Başladı anlatmaya...
-Geçen akşam evime yakın bir camiye gittim yatısı namazını kılmak için. Camide bir saf cemaat vardı. İmam cemaat sayısını dikkate almadan mikrofonu yakasına taktı. Başladı namazı kıldırmaya. Böylesine yüksek sese ne ihtiyaç var diye düşündüm. Huşu içinde bir namaz kılmak için cemaatin tamamı çıplak insan sesini duyacak durumdaysa mikrofana ne ihtiyaç var.
Arkadaşımın bu tenkidini duyan bir başka arkadaş da bir başka cami ismi vererek şahit olduğu bir tartışmayı aktardı.
-Ben de böyle bir mesleye rastladım. Cemaatten güzel yüzlü bir yaşlı kişi namaza başlamadan evvel 'Hocam bugün mikrofon kullanmadan namazımızı eda edelim. Kalabalık olmadığı için mikrofon olmadan da kılabiliriz' dedi. İmam sanki olumsuz bir talep dile gelmiş gibi 'Perde arkasında kadınlar olabilir. Onların duyması için mikrofon elzemdir' cevabıyla cemaatten gelen bu talebi kabul etmedi. Tartışma uzatılmayıp mikrofonla namazı kıldık.
Vallahi ben de namazımı kılmaya çalışan bir kişiyim. Ben böyle hislere tesadüf etmedim ama sözünüz hak üzere olduğu için bana da makul geldi. Gerçekten de mikrofona ihtiyaç yokken inatla ve ısrarla mikrofon kullanma isteği lüzumsuz bir arzu olsa gerek.

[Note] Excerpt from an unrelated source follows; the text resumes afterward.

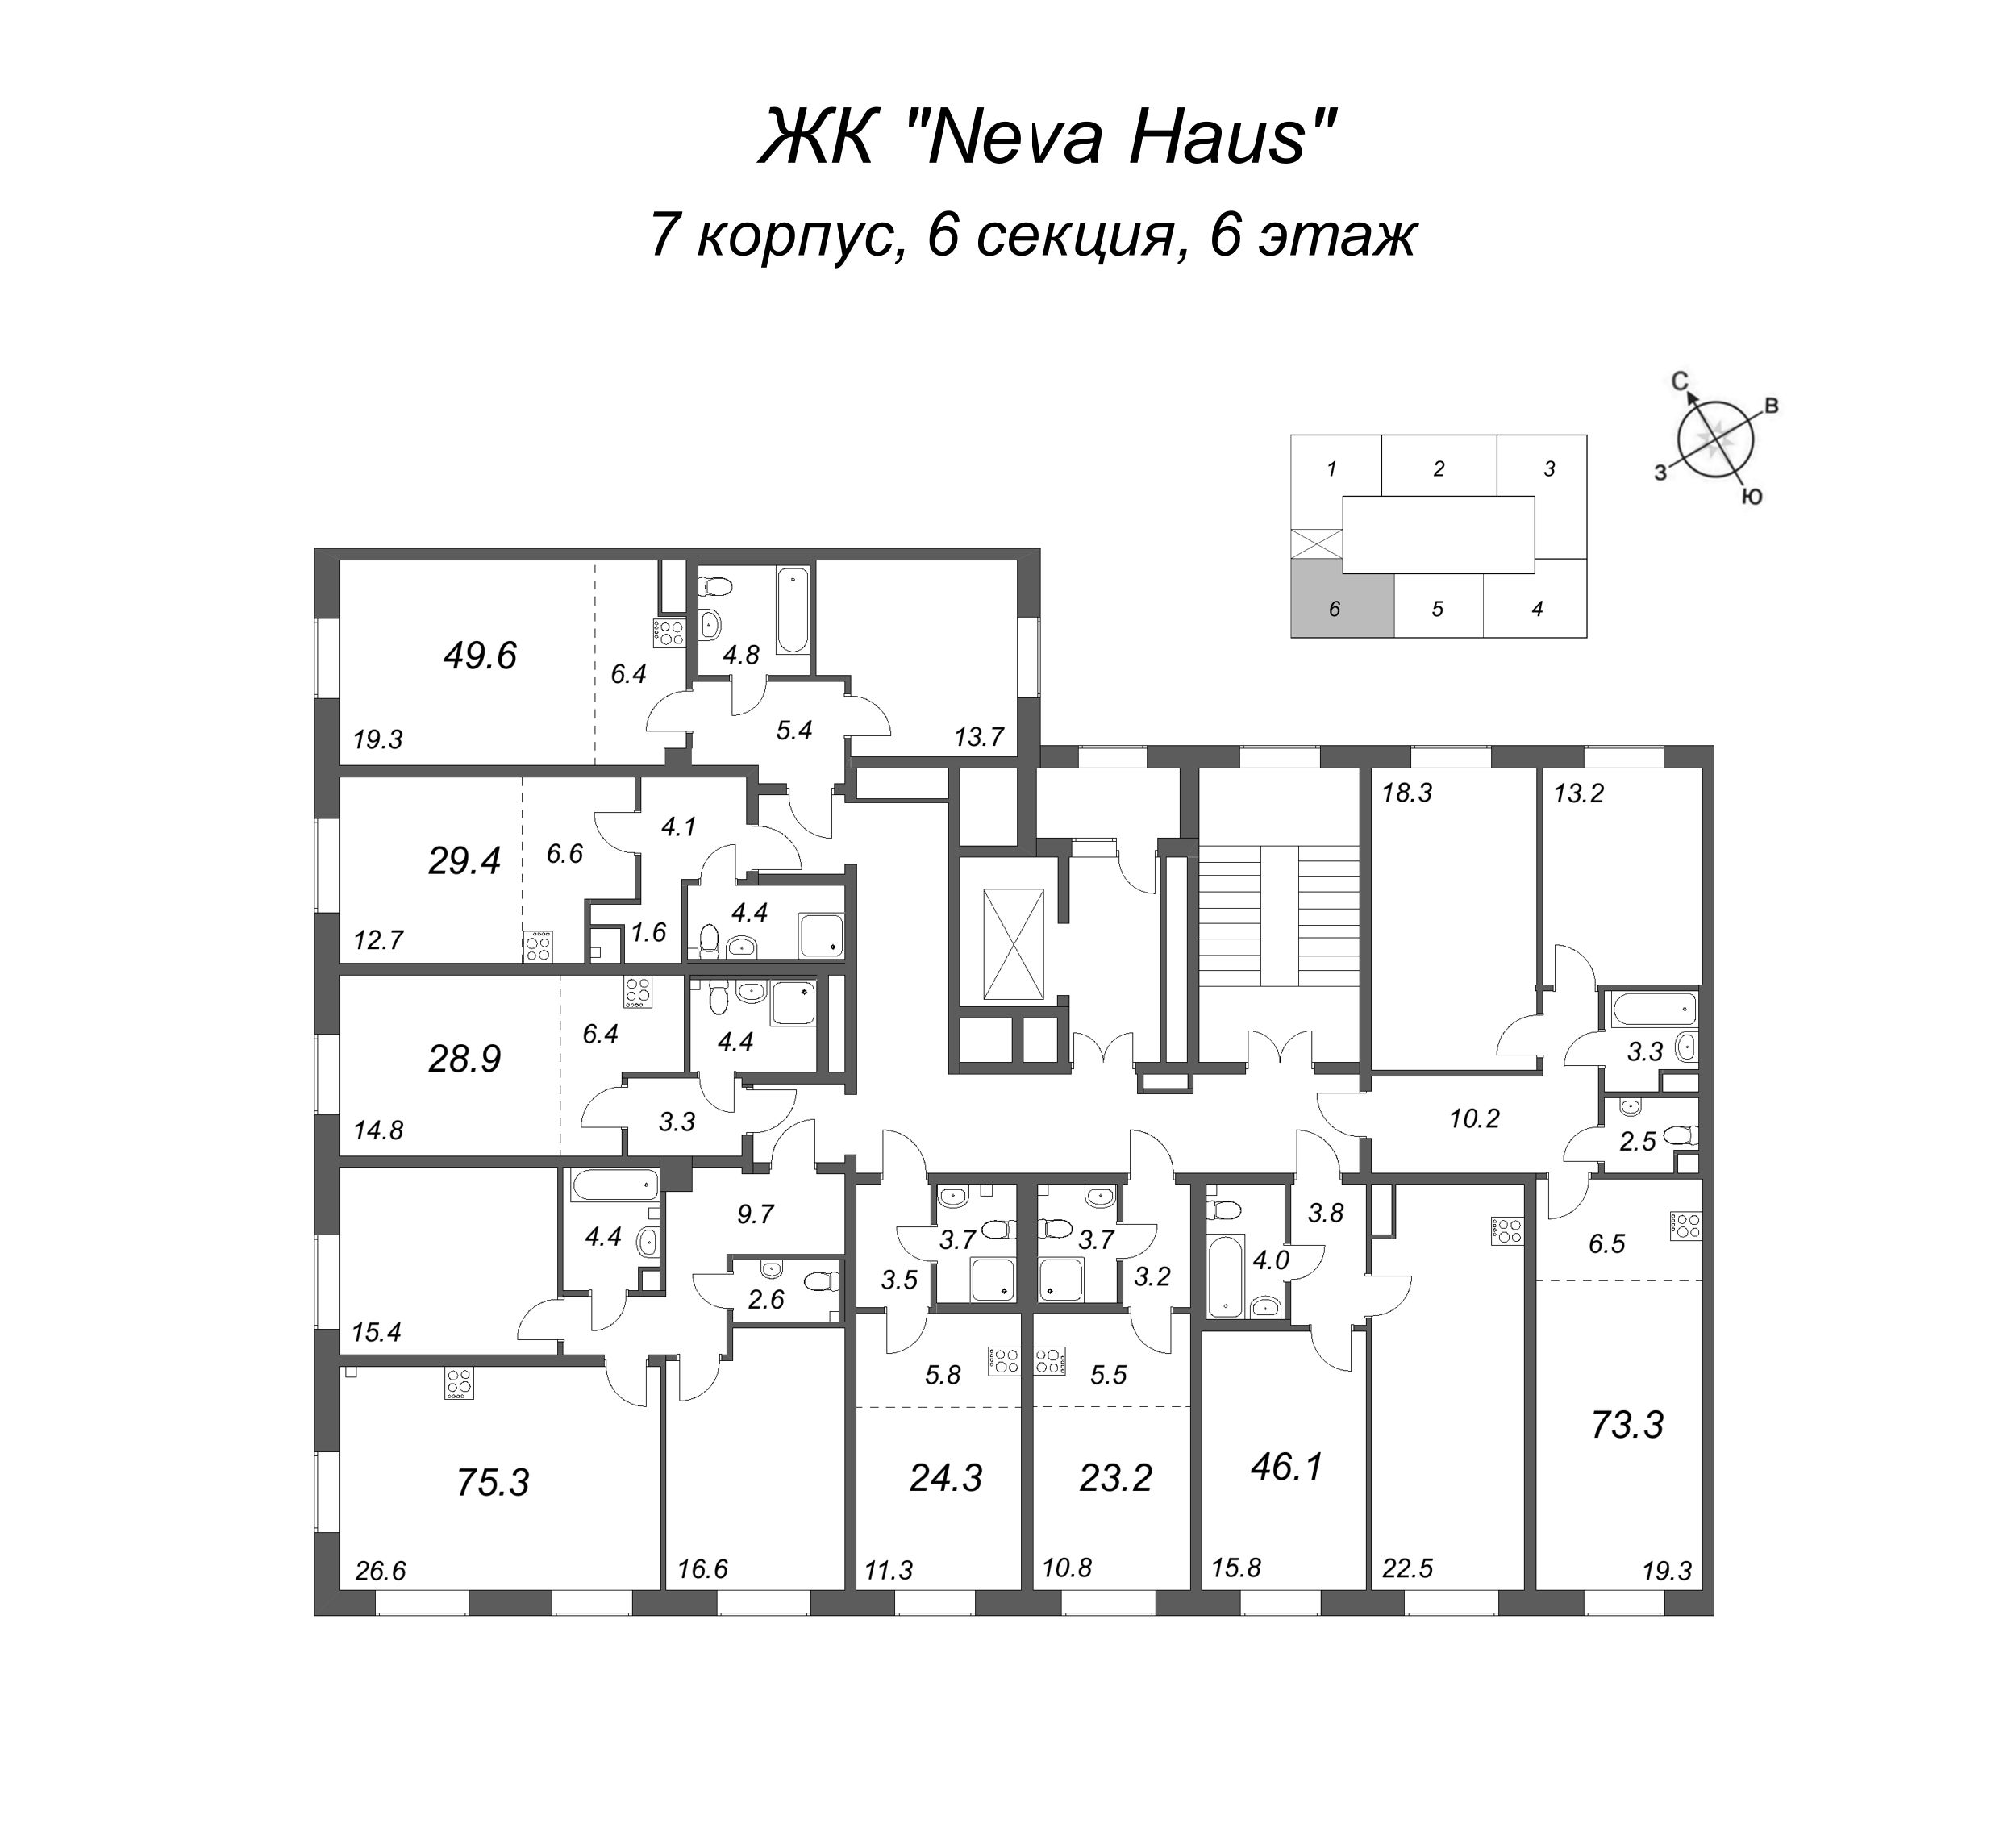 3-комнатная (Евро) квартира, 73.5 м² в ЖК "Neva Haus" - планировка этажа

Buradan Trabzon İl Müftülüğü'ne -bulanıklık yaratmak isteyenlerin niyetiyle değil- halis niyetle bu nevi makul taleplere imamlarımızın kayıtsız kalmamalarını telkin etmesi hem insanî hem de İslamî bir tavır olur.
Tabii cuma günleri, cenazelerin olduğu zamanlarda mikrofon kullanılacak. Arkadaşlarımdan bana iletilen şey ihtiyaç yokken ibadetin huşusunu bozan mikrofonun kullanılmasıdır. Sınırlı sayıda cemaatin olduğu vakit namazlarında imamlarımız mikrofon kullanmazsa daha sağlıklı bir ibadet yapılır.
Müftü Bey görevden alınmış ama müftülükte bu konunun üzerine eğilecek görevliler vardır muhakkak.